Jun 4 12:48:11 server1 kernel: [1622699.548591] INFO: task md0_raid5:406 blocked for more than 120 seconds.
Jun 4 12:48:11 server1 kernel: [1622699.556202] Tainted: G OE 5.15.0-67-generic #74-Ubuntu
Jun 4 12:48:11 server1 kernel: [1622699.564101] "echo 0 > /proc/sys/kernel/hung_task_timeout_secs" disables this message.
Jun 4 12:48:11 server1 kernel: [1622699.573063] task:md0_raid5 state:D stack: 0 pid: 406 ppid: 2 flags:0x00004000
Jun 4 12:48:11 server1 kernel: [1622699.573077] Call Trace:
Jun 4 12:48:11 server1 kernel: [1622699.573081] <TASK>
Jun 4 12:48:11 server1 kernel: [1622699.573087] __schedule+0x24e/0x590
Jun 4 12:48:11 server1 kernel: [1622699.573103] schedule+0x69/0x110
Jun 4 12:48:11 server1 kernel: [1622699.573115] raid5d+0x3d9/0x5f0 [raid456]
Jun 4 12:48:11 server1 kernel: [1622699.573140] ? wait_woken+0x70/0x70
Jun 4 12:48:11 server1 kernel: [1622699.573151] md_thread+0xad/0x170

My comment #44 for server1 was for the raid check started by cron, which of course has no pause.

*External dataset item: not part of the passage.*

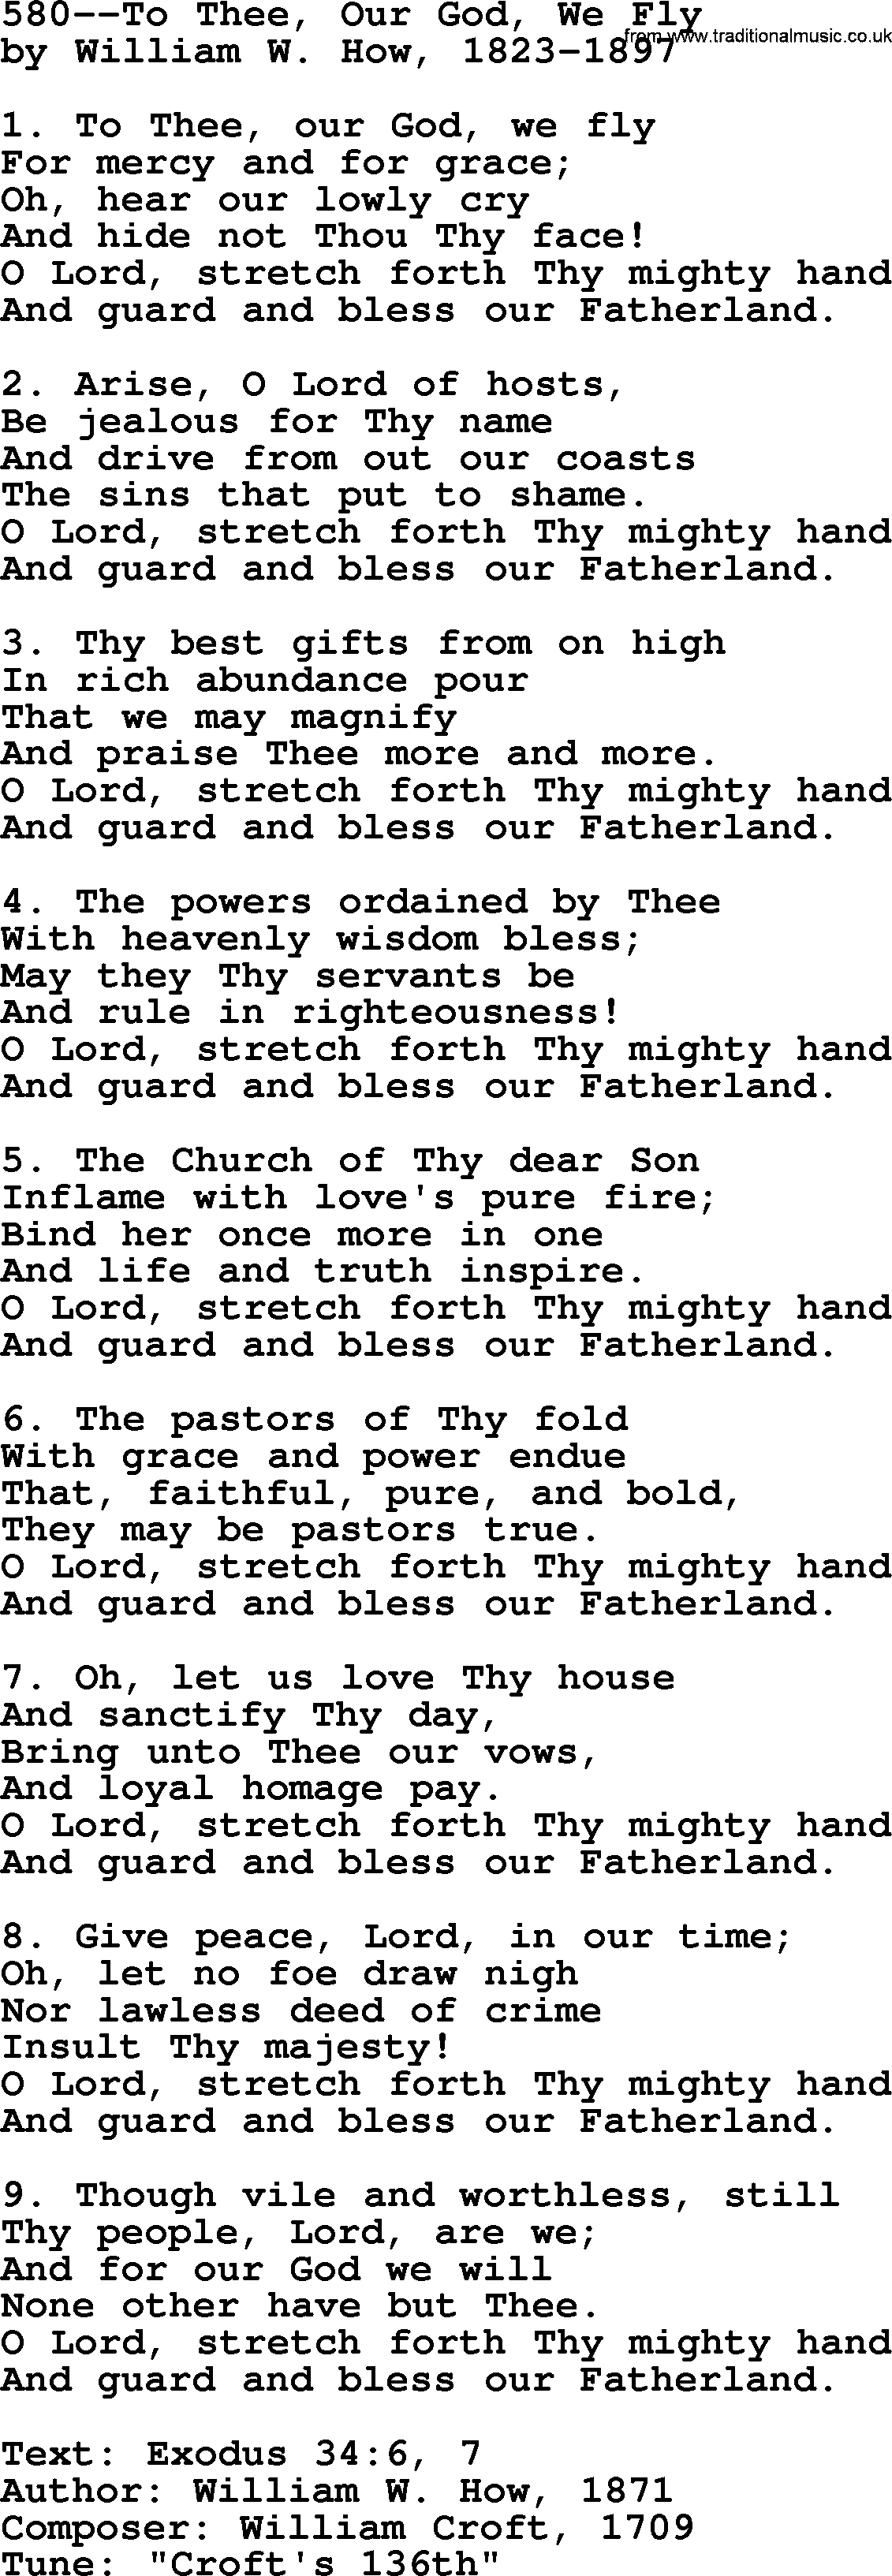 Lutheran Hymn: 580--To Thee, Our God, We Fly.txt lyrics with PDF

With server2 it looks like the pause left some lock on the RAID which caused the server to become unreachable.

With server1 the problem has happened twice now, once with systemd, and once with cron. Both times no pause was involved.

Both servers have RAID5 with about 30T, so relatively large.